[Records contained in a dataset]
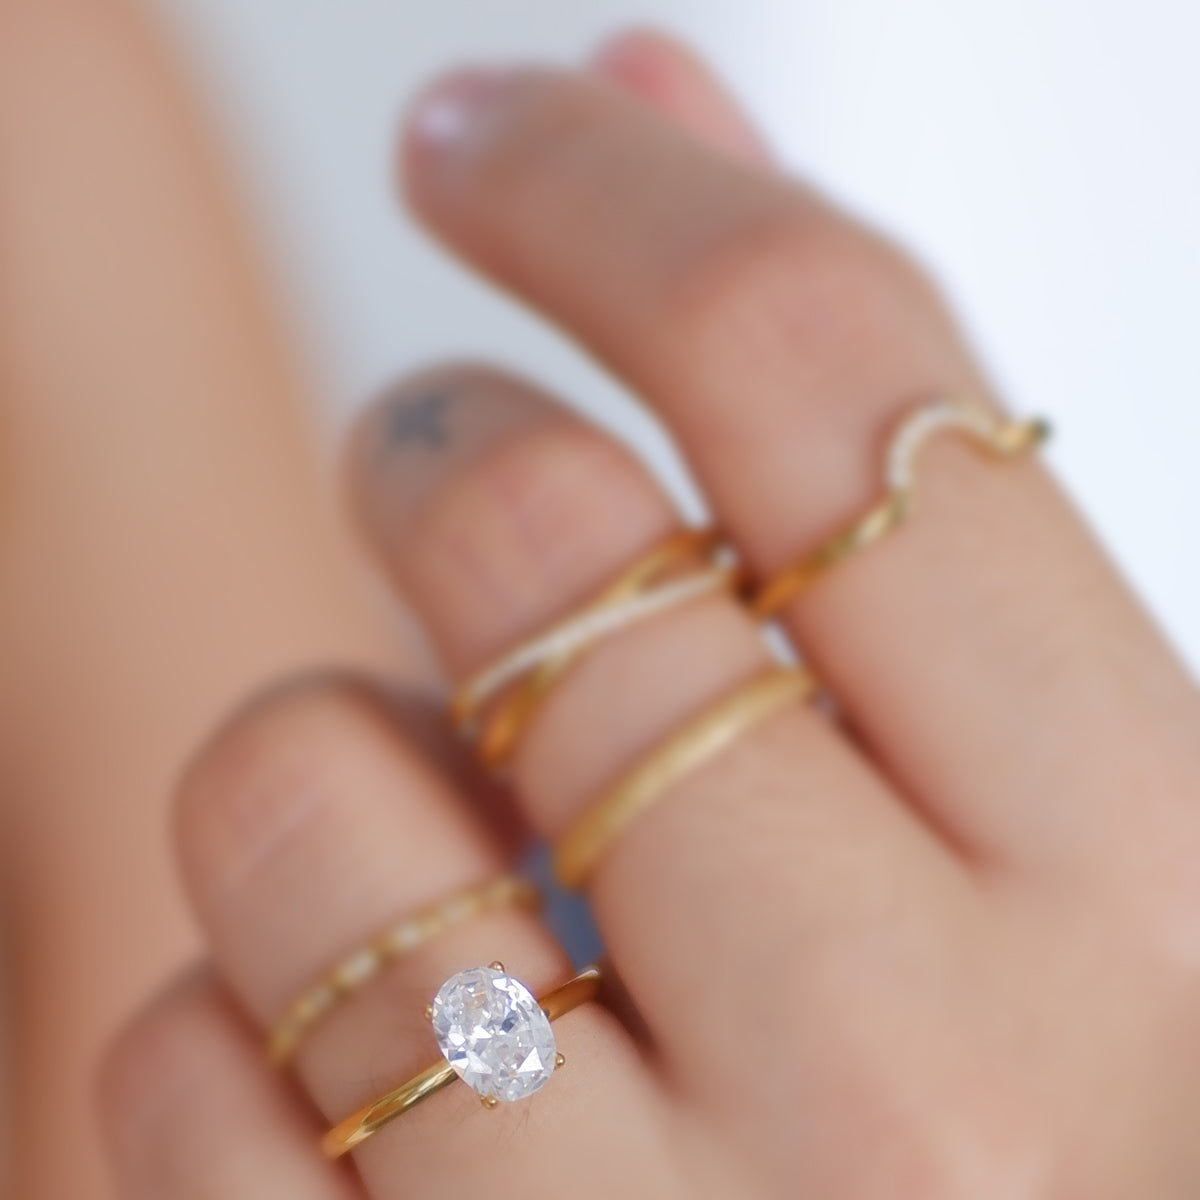 The Dream Moissanite Ring in Solid Gold
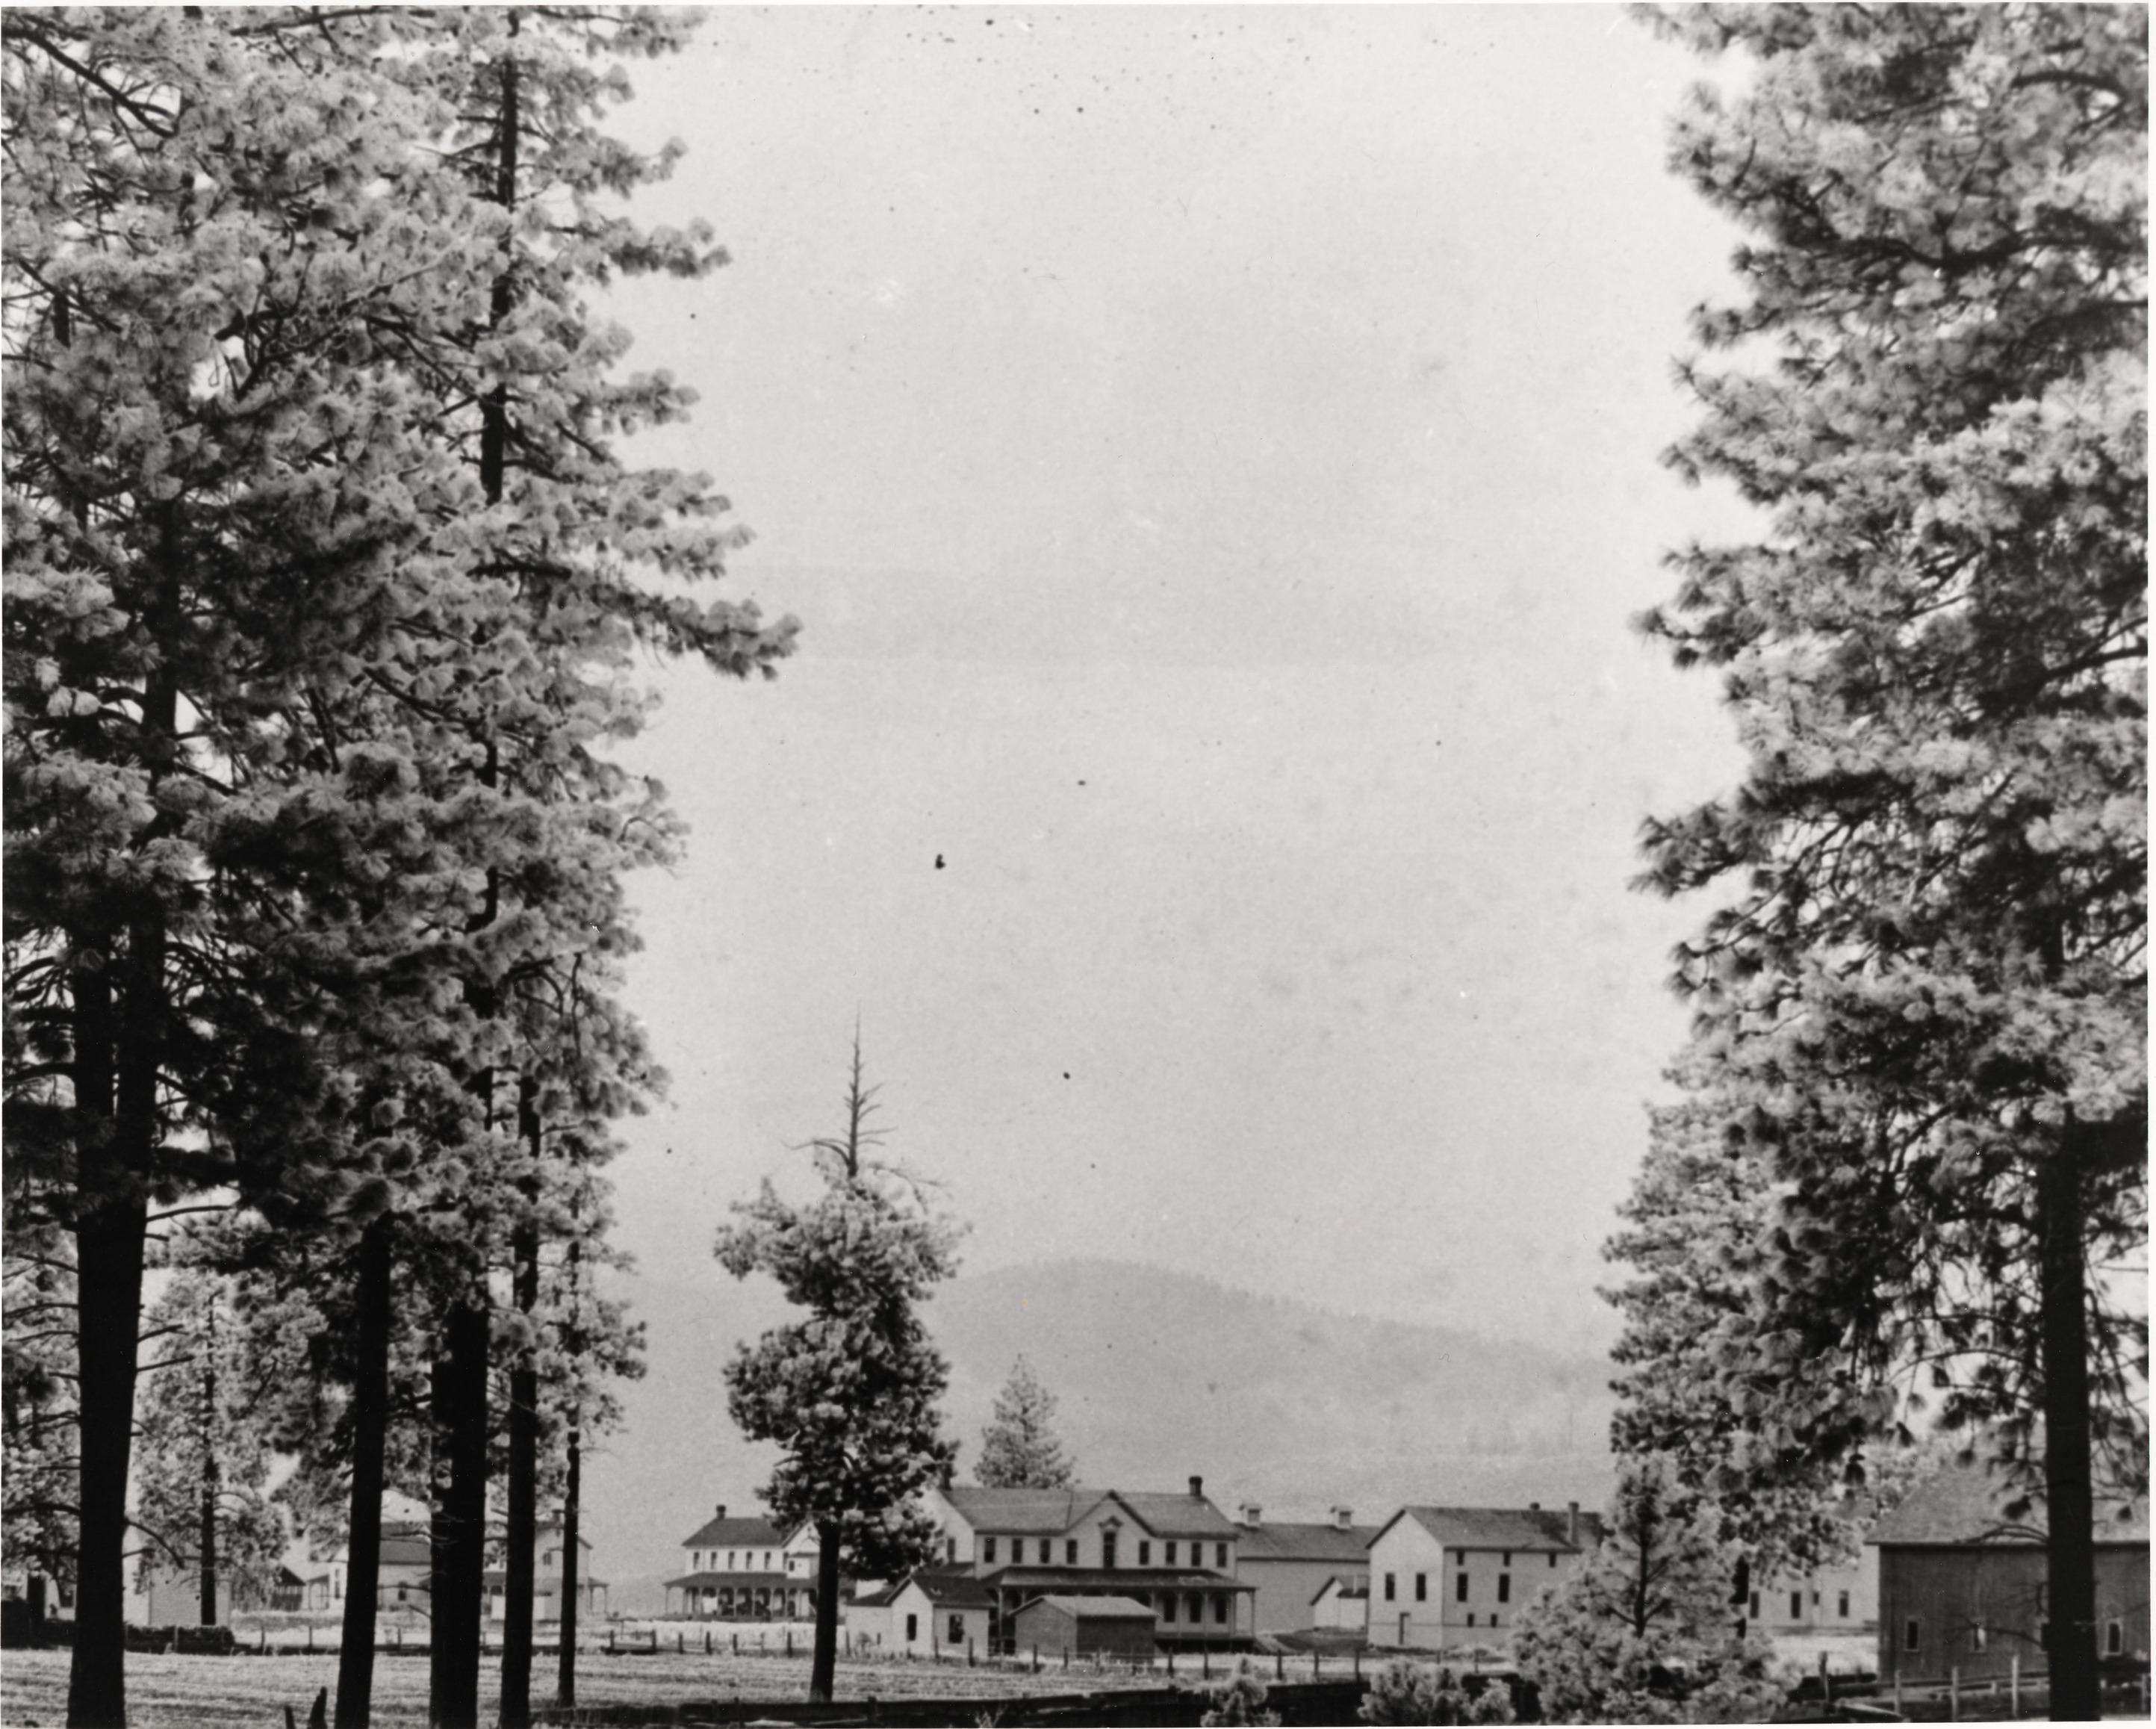 Black and white photograph of several wooden buildings viewed through tall pine tress
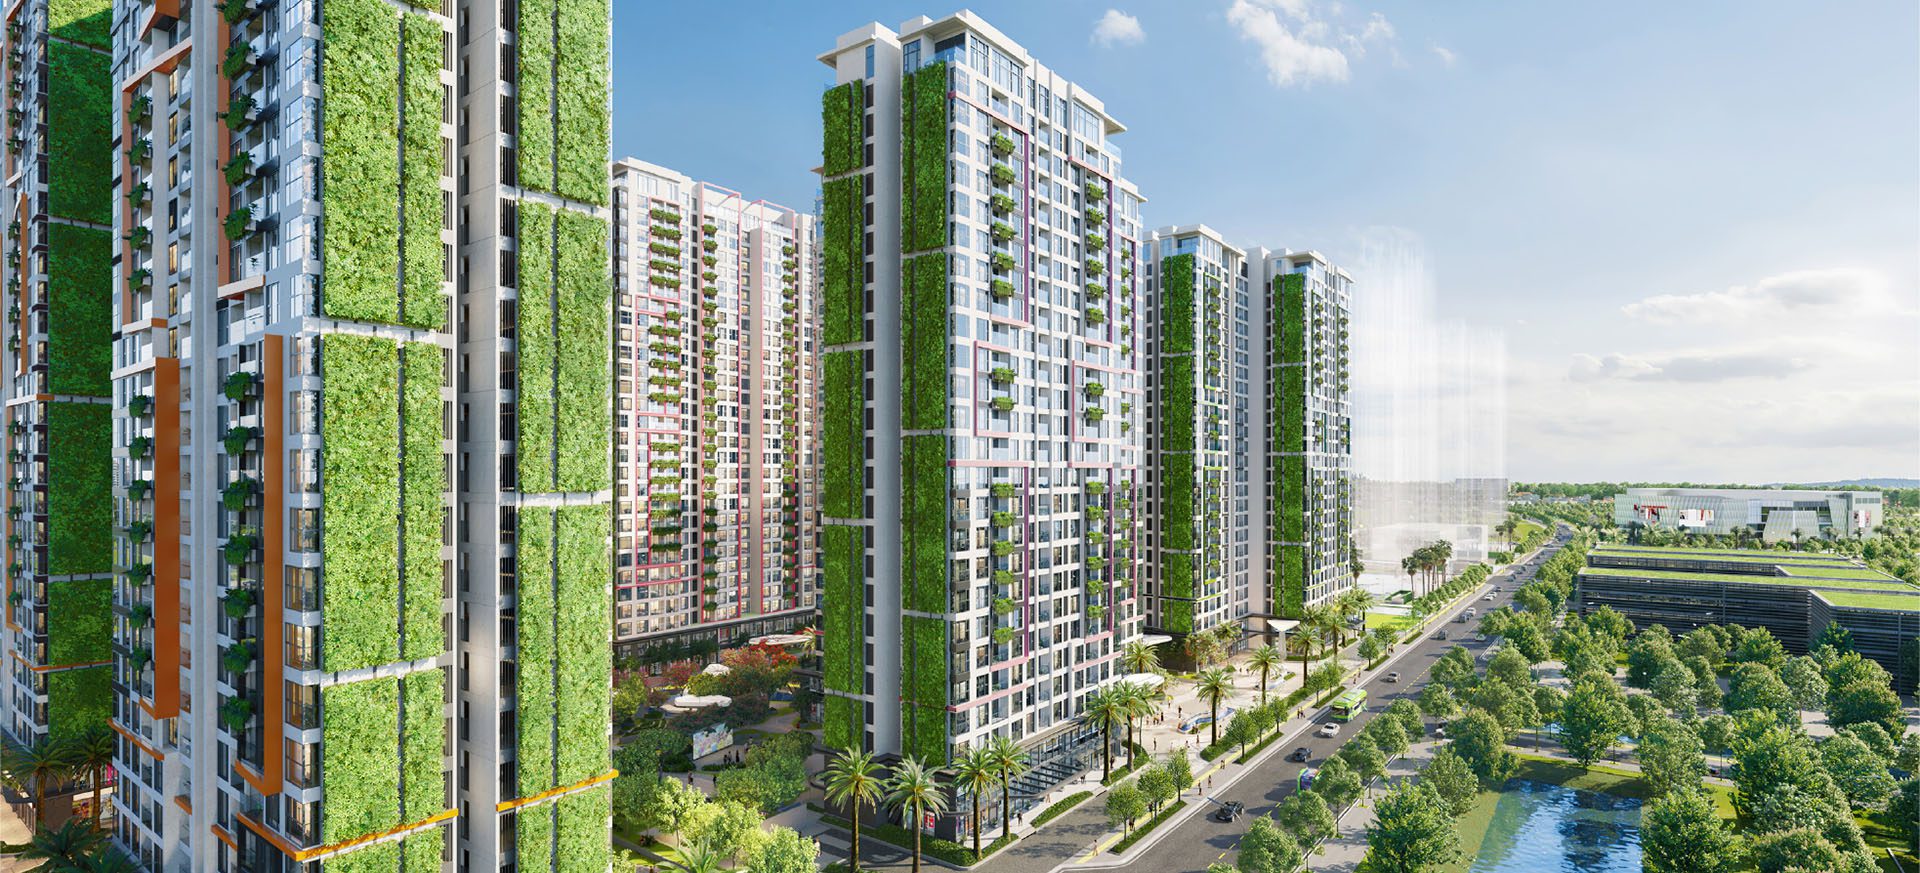 Lumière Boulevard – Foreigner’s most ideal choice for long-term residence in HCMC
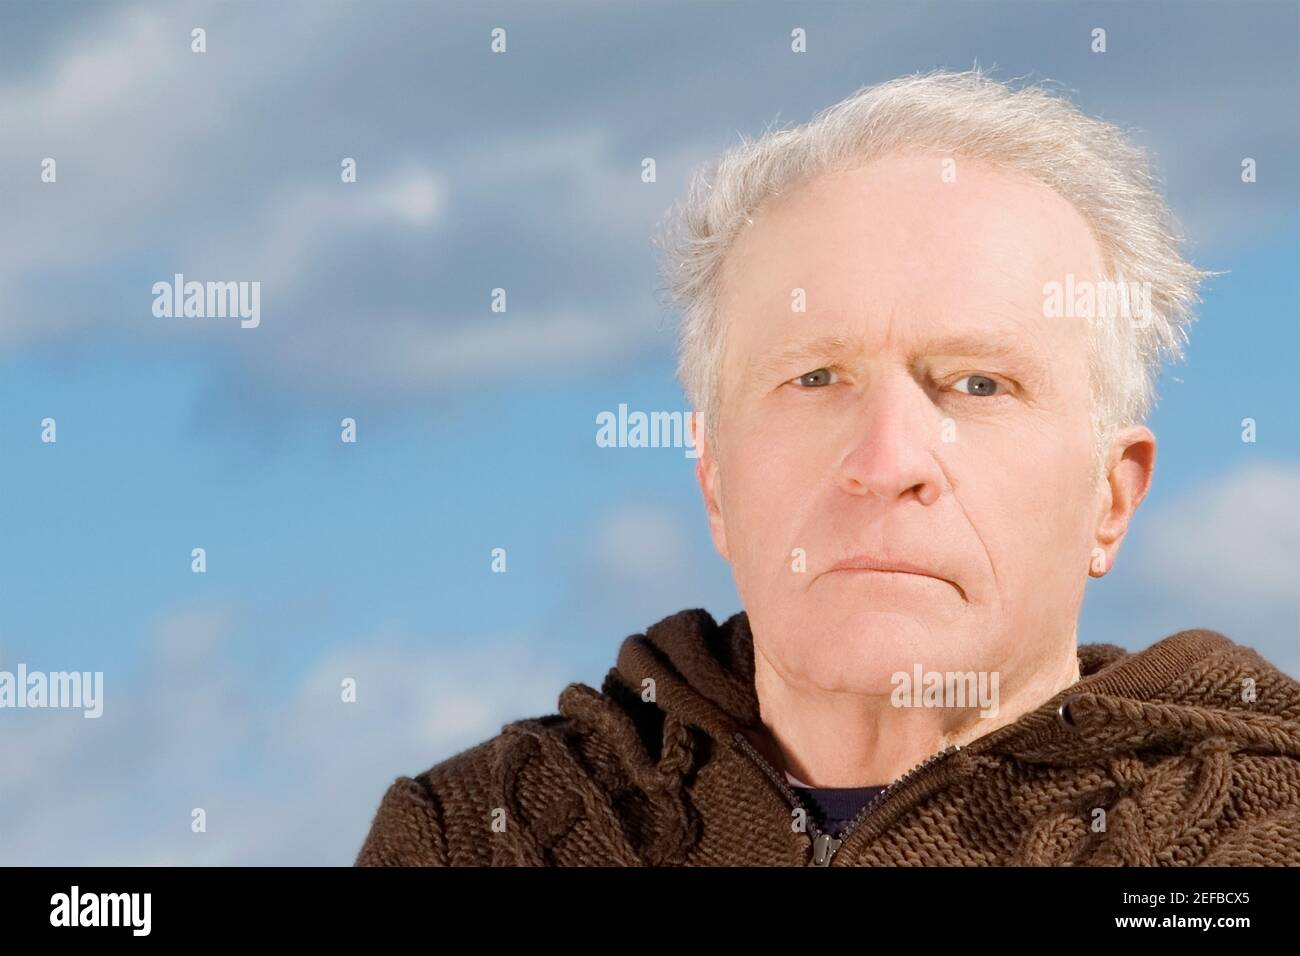 Portrait of a senior man looking serious Stock Photo
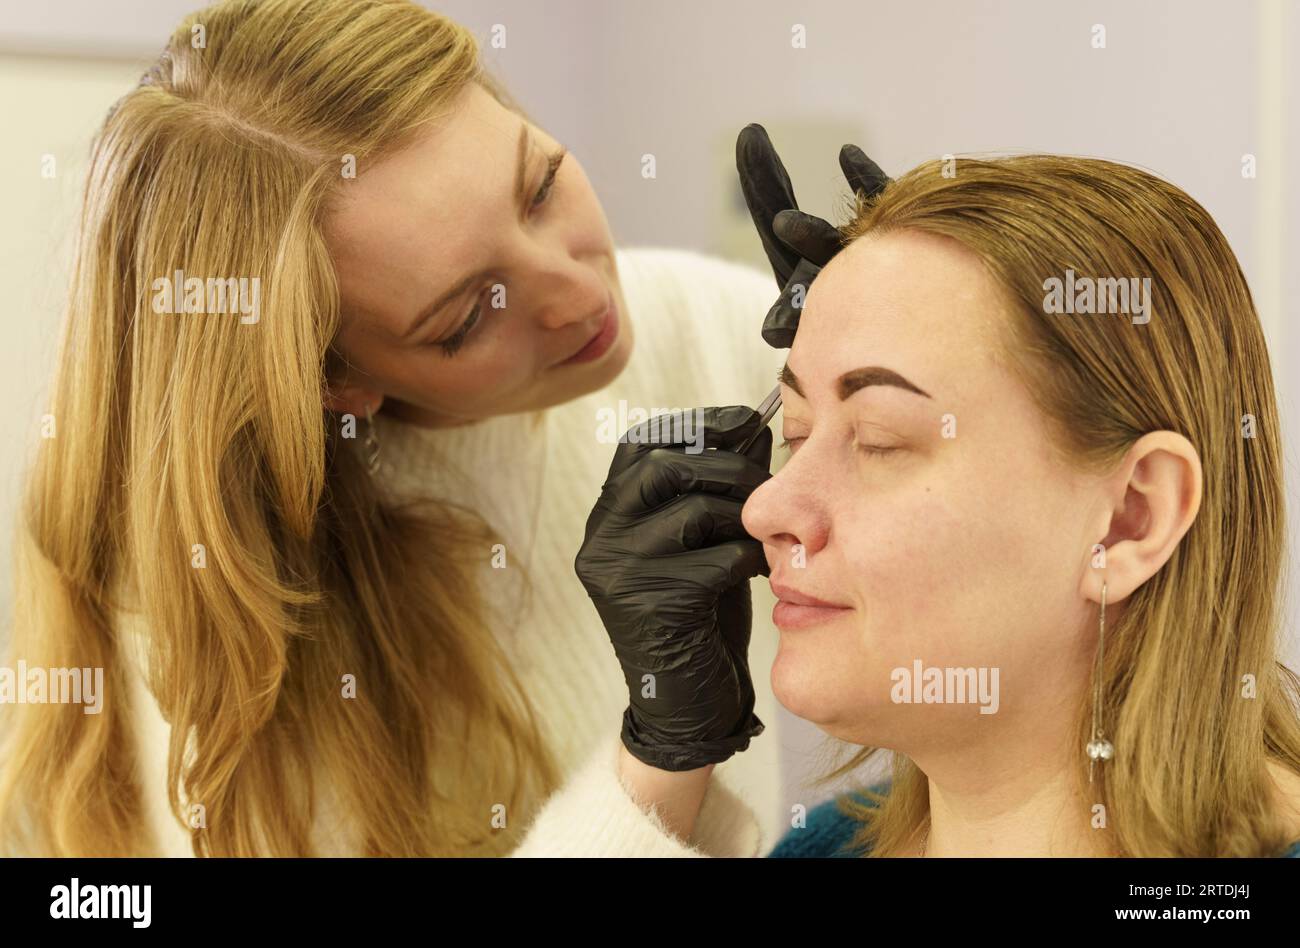 Portrait of a woman having her eyebrows plucked with tweezers in a beauty salon. Beauty industry. Stock Photo

* _EXERCISE GOAL_
Above are the records. Copy exactly, and only, the lines from the line containing "Portrait of a senior" through the last one, omitting any pictures.

* _TASK RESPONSE_
 Portrait of a senior man looking serious Stock Photo
 Portrait of a woman having her eyebrows plucked with tweezers in a beauty salon. Beauty industry. Stock Photo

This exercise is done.